Answers from Our Experts (1)
You’ll have no trouble finding plenty for kids of all ages in a city as vibrant and fascinating as Tokyo. Here are Forbes Travel Guide editors’ picks for the best things to do with kids in Tokyo:
1. Shop in Akihabara. This is the mecca for geeks (otaku) in Japan. Located east of the Imperial Palace, right below Ueno and Asakusa, this district features bookstores loaded with manga (Japanese animation), costume shops and multilevel stores selling any type of electronics imaginable. Check out Thanko, a shop that sells wacky electronics such as shoe coolers, recording binoculars, and a cap with a solar panel that fuels a built-in fan.

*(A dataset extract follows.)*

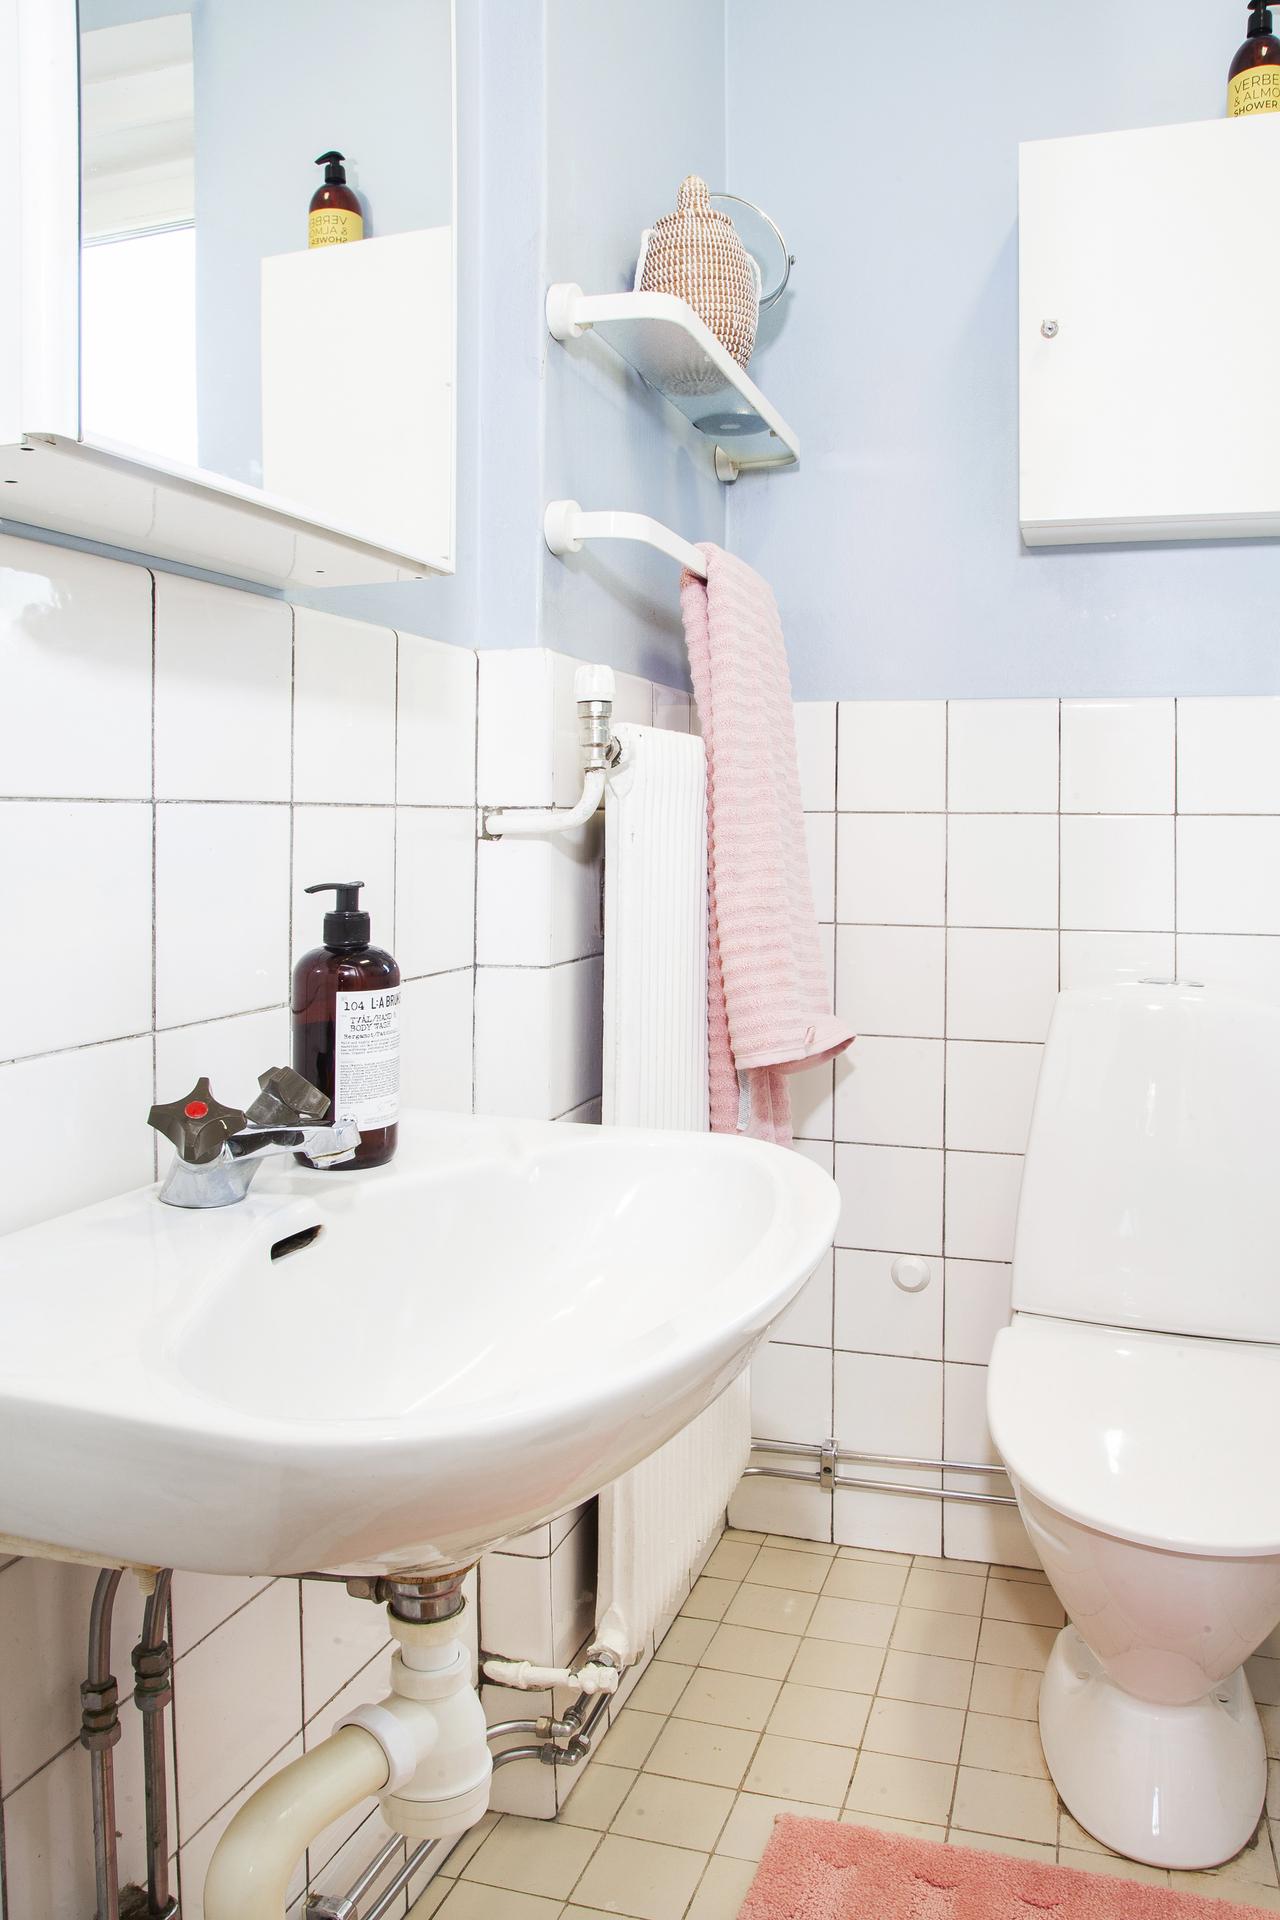 Badrummet som är halvkaklat är i originalutförande

2. Visit Tokyo Sea Life Park. Also called Kasai Rinkai Suizokuen, this three-story complex on Tokyo Bay showcases more than 540 species of fish and marine creatures including hammerhead sharks, Humboldt and rockhopper penguins, bluefin tuna, giant ocean sunfish and puffins. This aquarium — the city’s largest — also features a touch tide pool, beach and a bird sanctuary.

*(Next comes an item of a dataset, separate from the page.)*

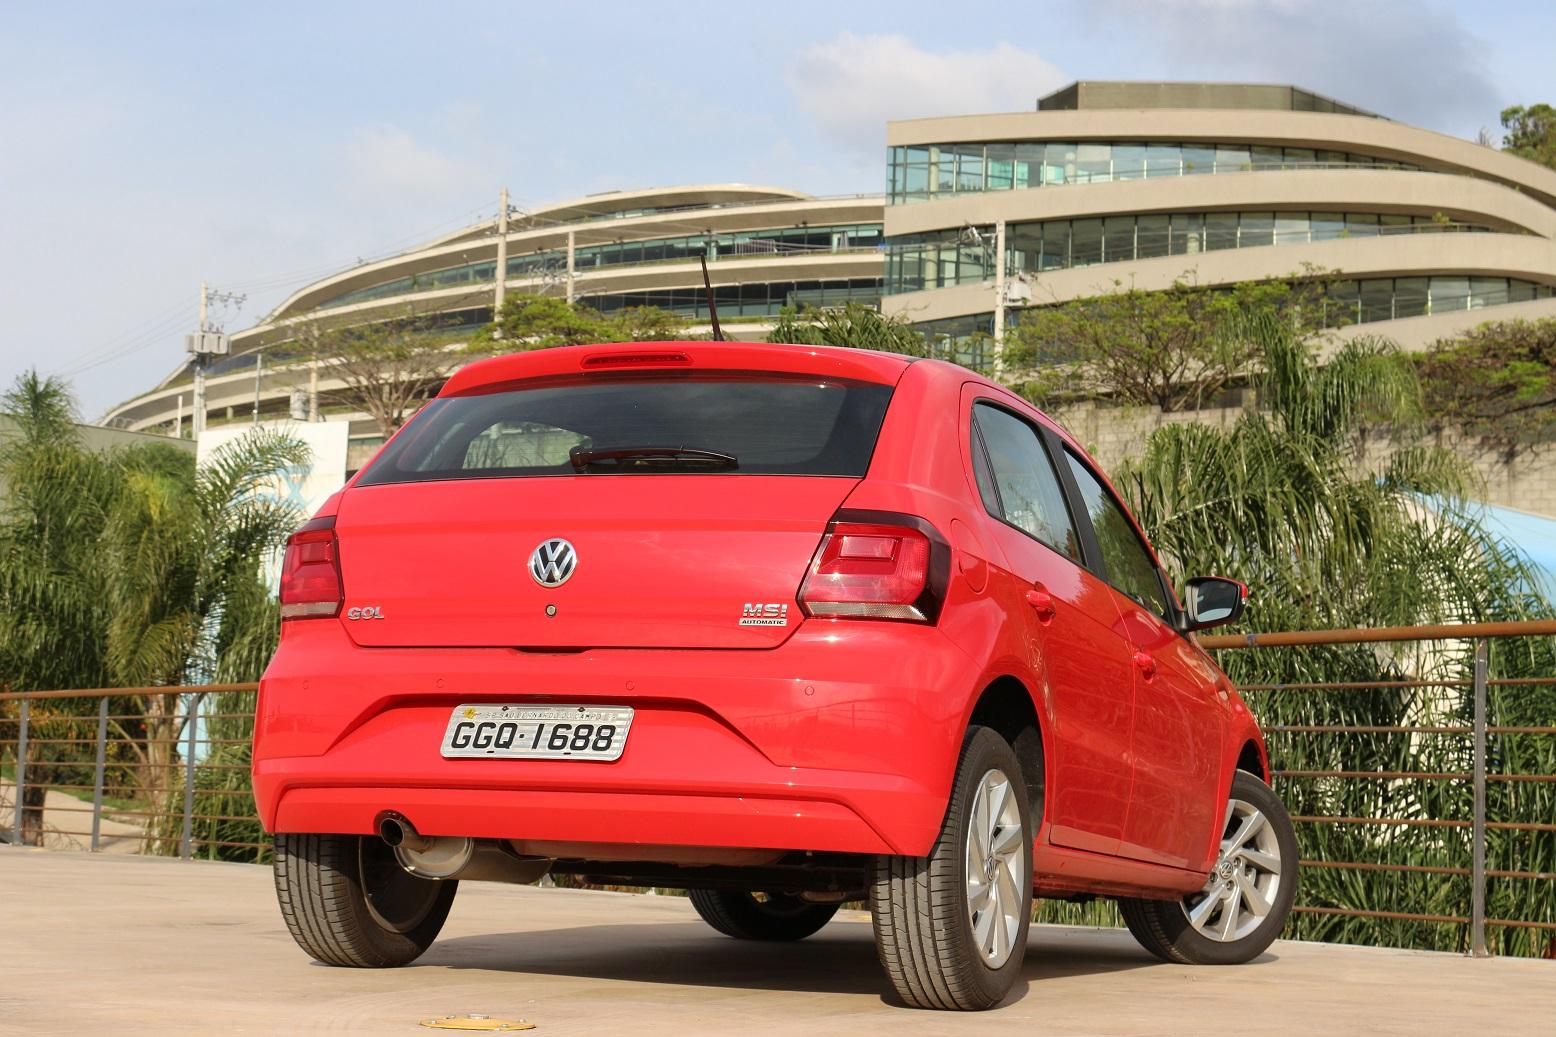 Avaliação mostra que Volkswagen Gol automático tem mecânica eficiente, mas projeto está datado em outros aspectos

3. Play at Hanayashiki. While it’s not Tokyo Disneyland, this little amusement is charming and worth a visit. Opened in 1853, Hanayashiki in Taito is Japan’s oldest amusement park with a roller coaster, a small Ferris wheel, a merry-go-round and a haunted house.
4. See Ueno Zoo. The oldest zoo in Japan, Ueno opened in 1882. It now covers 35 acres and is home to more than 2,600 animals from 464 different species including rare white rhinos, Asiatic elephants, snow owls, Indian lions and American bison. The zoo also features a petting zoo, a five-story pagoda and a teahouse. Giant pandas, though, are the biggest draw.
5. Explore Tokyo Disneyland. The Japanese outpost of Disney will be a surefire hit with kids and nostalgic adults. The 115-acre theme park has the many of the same coterie of Disney characters, rides and themed areas as the California and Florida parks. But here you’ll also find Tokyo DisneySea, another 100 acres of nautical-themed areas. A one-day pass costs 4,100 (yen) for children ages 4 to 11; 5,300 for those 12 to 17; and 6,200 for adults.